Remember the news that nuclear power may not be anathema any longer for certain members of the left? Of course, Professor Lovelock has long backed nuclear power, but it takes more than one person to make such a concept fly.
Well, it seems to be flapping its wings a bit harder:
From Japan to Germany to Britain to the United States, leaders of countries that had stopped investing in nuclear power are now considering building new power plants or delaying the closure of existing ones. The shift is especially notable in Japan and Germany, where both turned decisively against nuclear power after the 2011 Fukushima disaster. And it comes even as fears mount about another potential nuclear disaster at Europe’s largest nuclear power plant in Ukraine. …

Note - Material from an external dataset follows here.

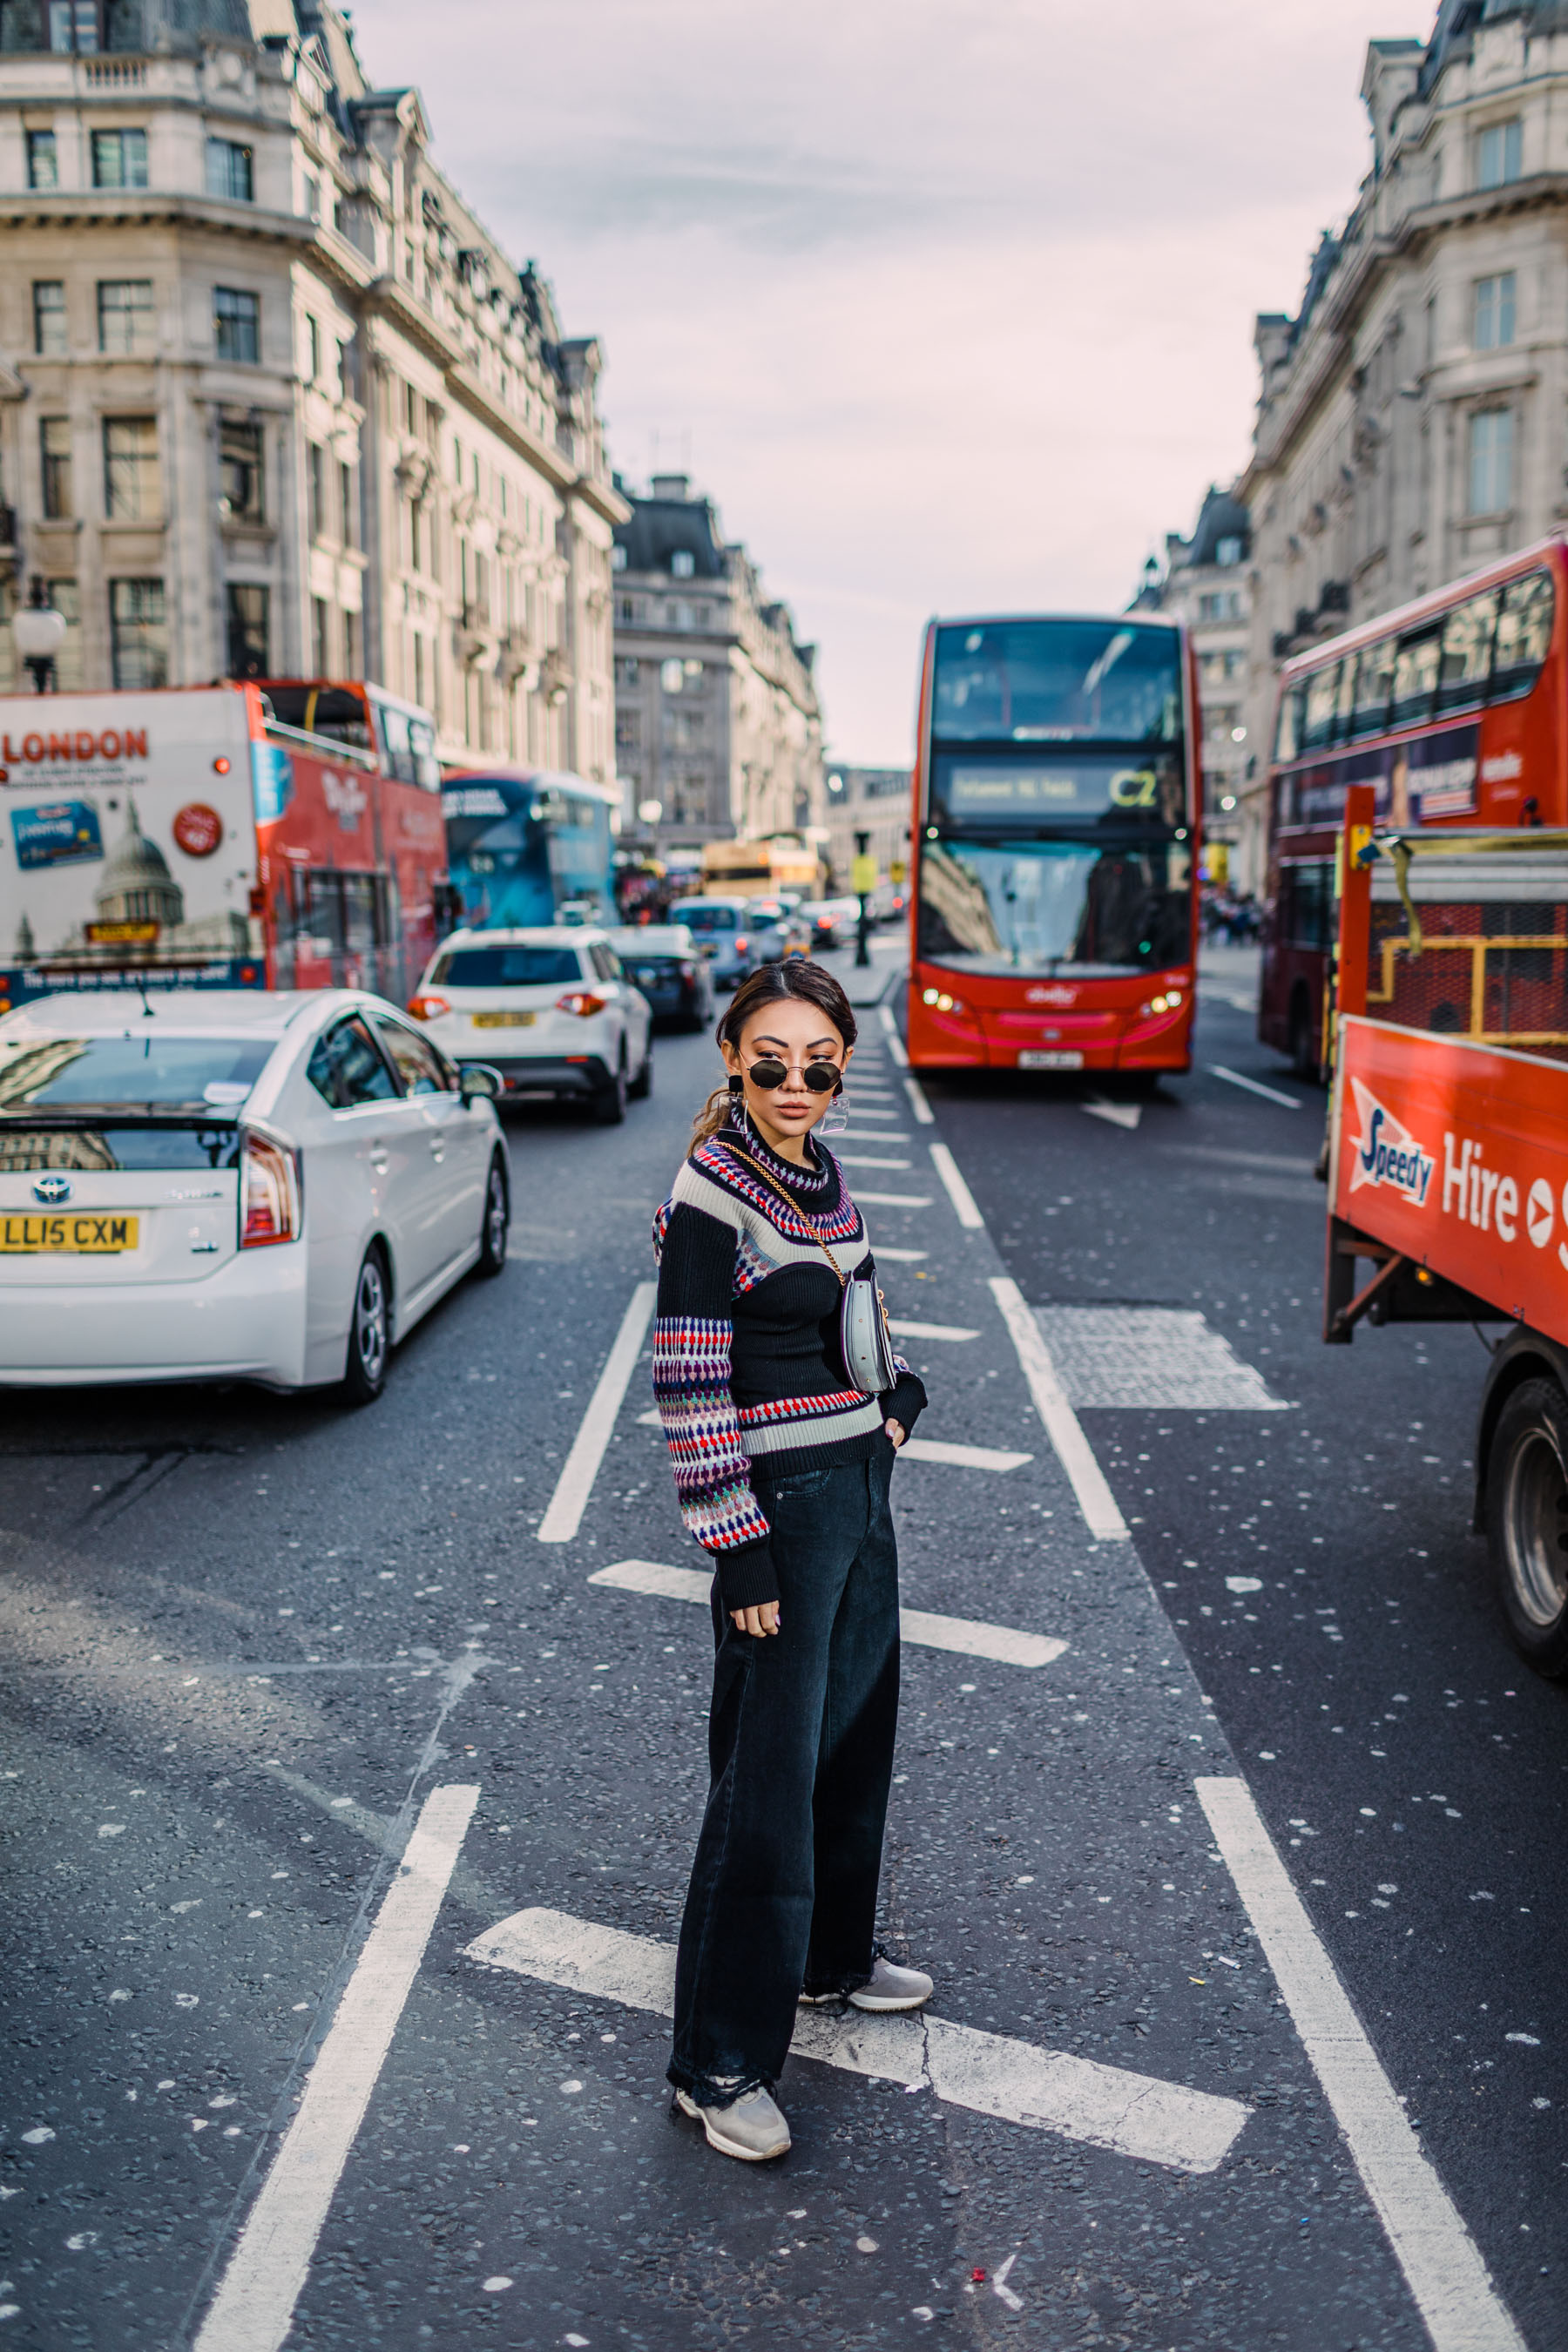 London Fashion Week Recap - Burberry Intarsia Sweater, Wide Leg Raw Hem Jeans // Notjessfashion.com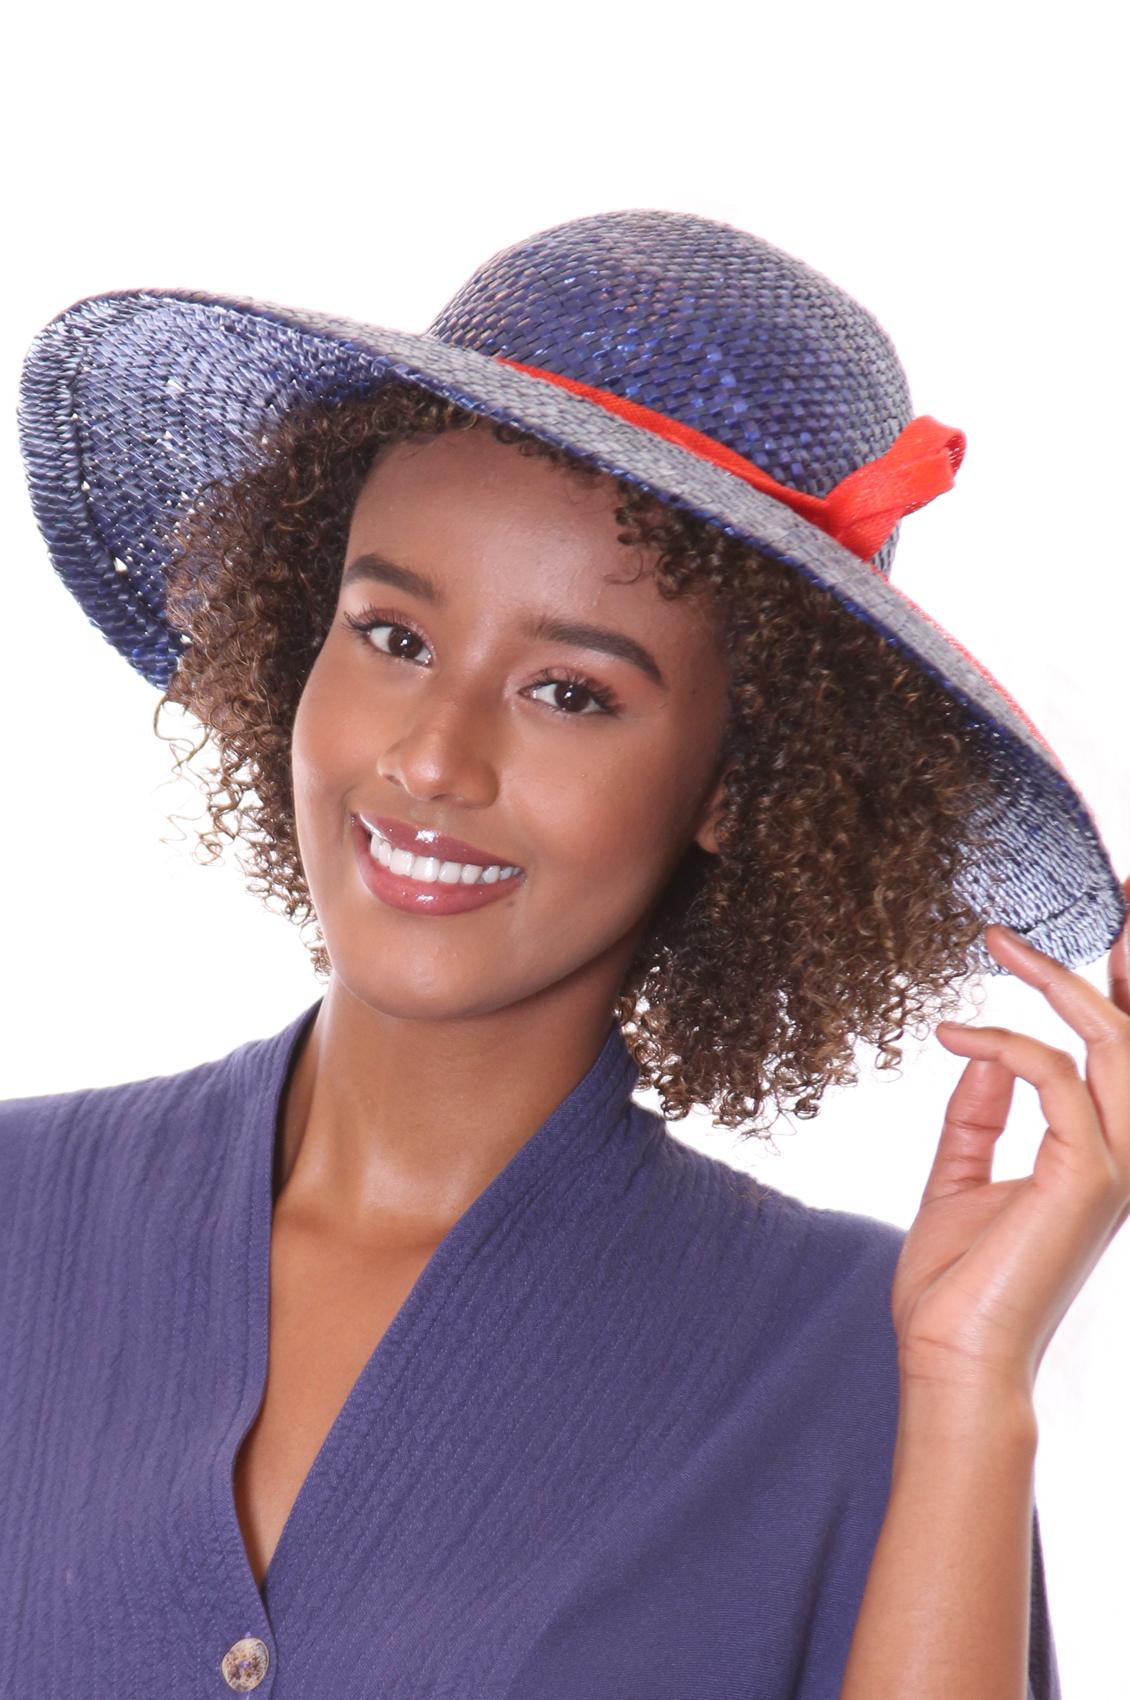 LARGE BRIM STRAW HAT

The global reevaluation shows the extraordinary degree to which the war in Ukraine is reshaping long-held positions about nuclear power. Europe is bracing for a winter of energy shortages in which it may run out of natural gas supplies, potentially forcing it to shut down factories and leave citizens shivering. Worldwide, prices for fossil fuels have skyrocketed since Russia invaded Ukraine in February, with Europe, the United States and a few other countries around the world significantly scaling back their purchases of cheap Russian oil and gas. [WaPo]
Resulting in …
This week, Japanese Prime Minister Fumio Kishida announced that his government is considering constructing next-generation nuclear power plants with the goal of making them commercially operational in the 2030s. The government may also extend the operational life of its current nuclear power plants.
No doubt some folks are appalled, but the fact of the matter is that we need energy, and rioting over its lack would be no fun at all. Don’t be surprised at more news concerning nuclear energy out of both Germany and Japan, as both face Russia, an aggressive, nuclear-armed nation that supplies a lot of fossil fuels.